Johannes Hevelius (1611 – 1687) was a councillor and mayor of Danzig (Gdańsk), then part of the Polish-Lithuanian Commonwealth. As an astronomer he gained a reputation as "the founder of lunar topography" and described ten new constellations, seven of which are still recognized by astronomers.
Firmamentum Sobiescianum sive Uranographia (dated 1687), an atlas of constellations, 56 sheets, corresponding to his catalog, contains seven new constellations delineated by him which are still in use (plus some now considered obsolete):
Canes Venatici, Lacerta, Leo Minor, Lynx, Scutum, Sextans, and Vulpecula.
Obsolete: Cerberus, Mons Maenalus, and Triangulum Minus.
Prodromus Astronomiae is a star catalog created by Johannes Hevelius and published posthumously by his wife and research aid Elisabeth Hevelius in 1690. The catalog consists of the location of 1,564 stars listed by constellation. It consists of three separate parts: a preface (labeled Prodromus), a star catalog (named Catalogus Stellarum), and an atlas of constellations (named Firmamentum Sobiescianum, sive Uranographia).
Prodromus outlines the methodology and technology used in creating the star catalogue. It provides examples of the use of the sextant and quadrant by Johannes, in tandem with known positions of the sun, in calculating each stars' longitude and latitude.
The written draft of the Catalogus Stellarum consists of 183 leaves, 145, alphabetized according to constellation, containing star positions.

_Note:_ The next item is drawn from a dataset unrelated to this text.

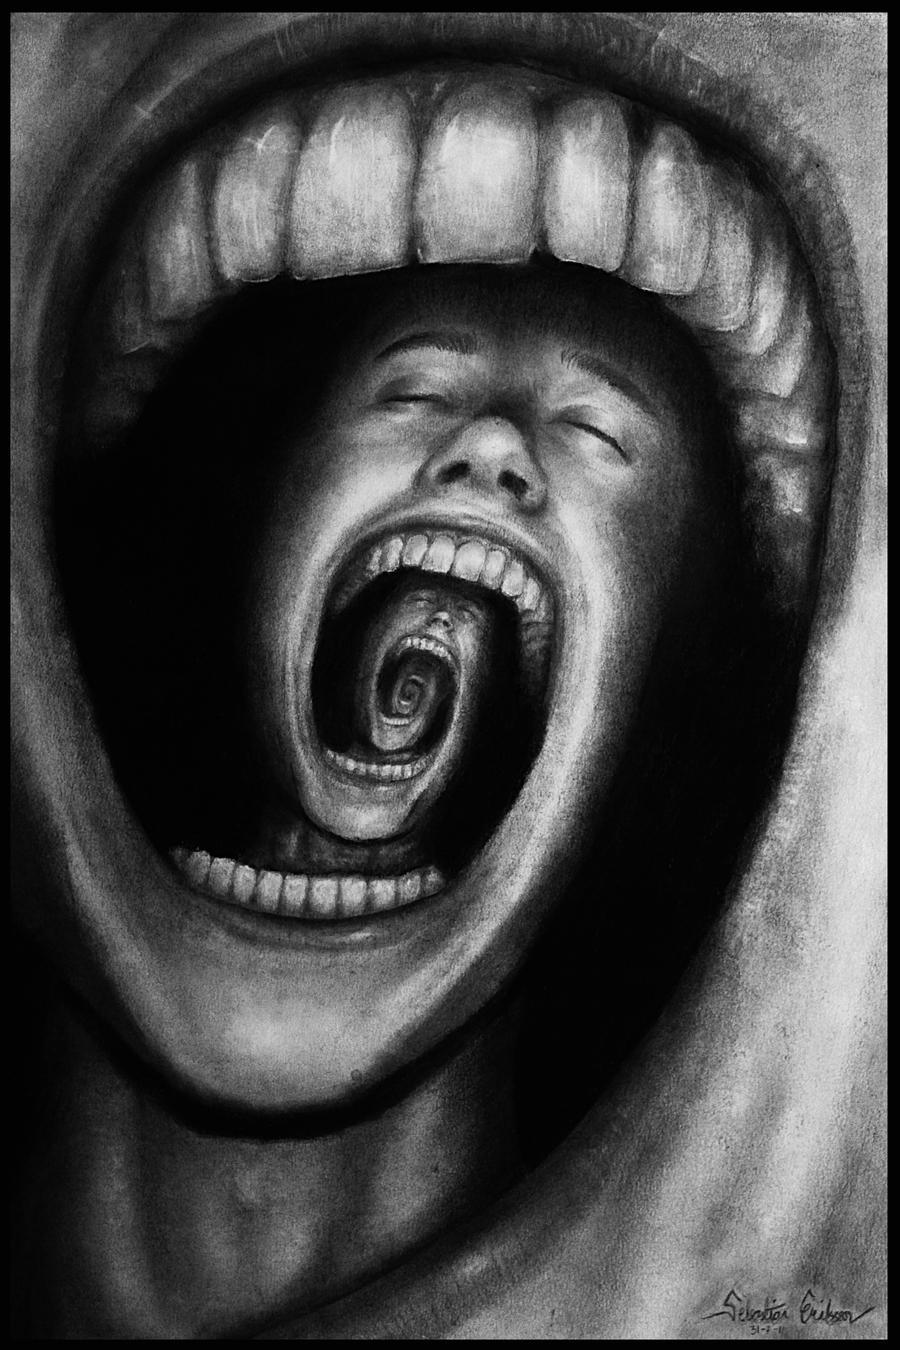 Mind devour by Sebmaestro
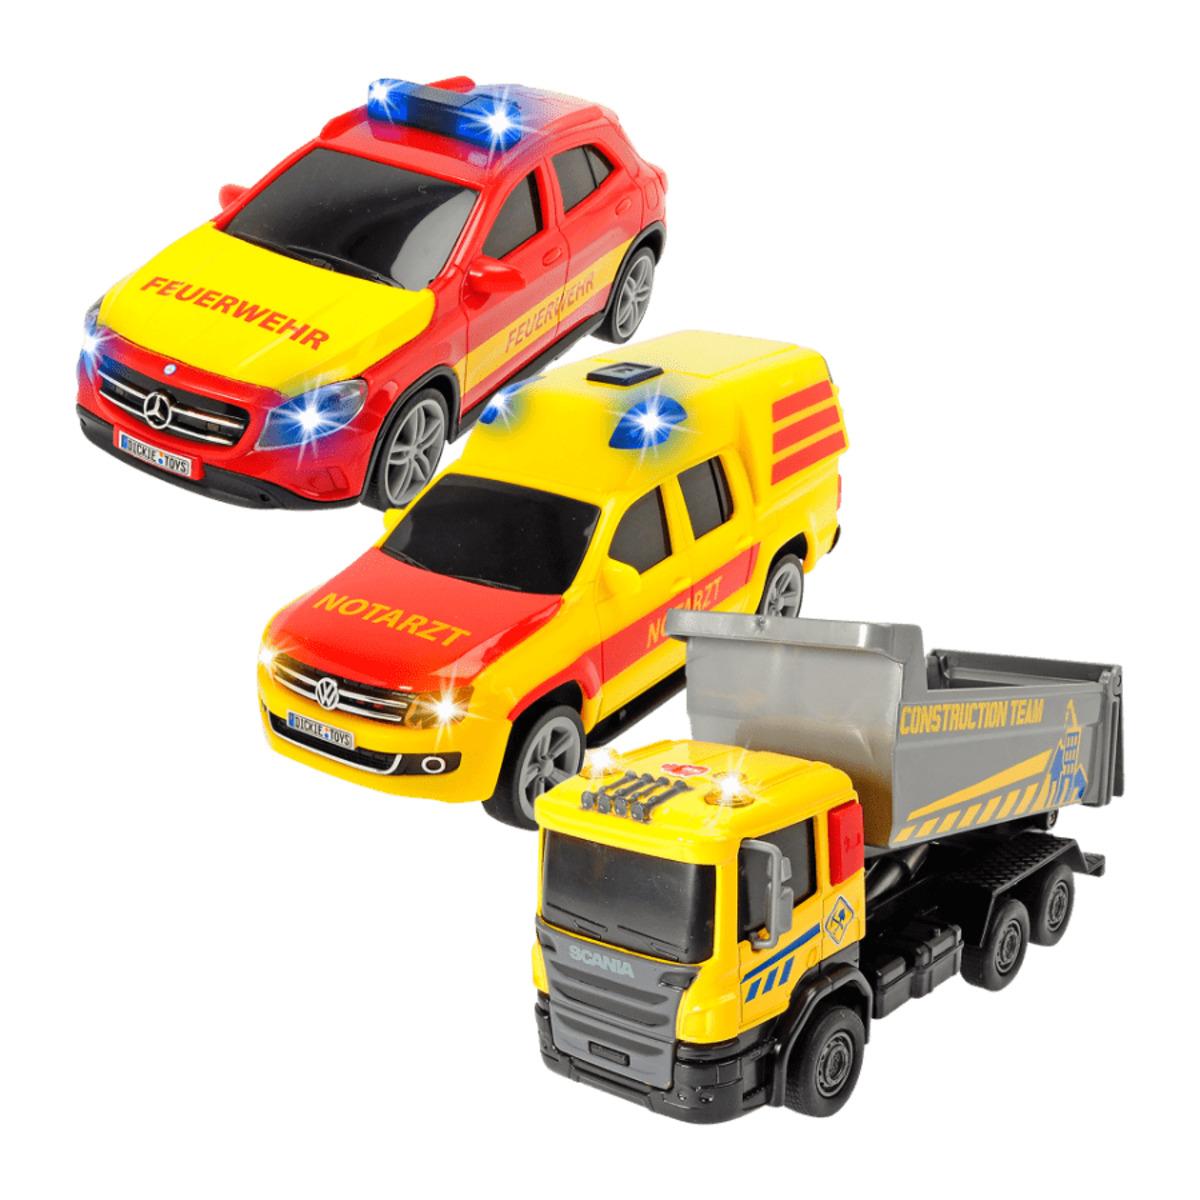 Bild 1 von Dickie Toys Fahrzeug

Firmamentum Sobiescianum, while technically part of the Prodromus Astronomiae as a well, was likely published separately and in tighter circulation. Housing its own cover page and page-numbering system, the atlas consisted of two hemispheres and 54 double-page plates of 73 constellations. Both the northern and southern hemispheres were centered on an ecliptic pole, and most star locations were all based off Johannes' own observations. Those that were not, the southern polar stars, were based on a catalog and map published in 1679 by Edmond Halley.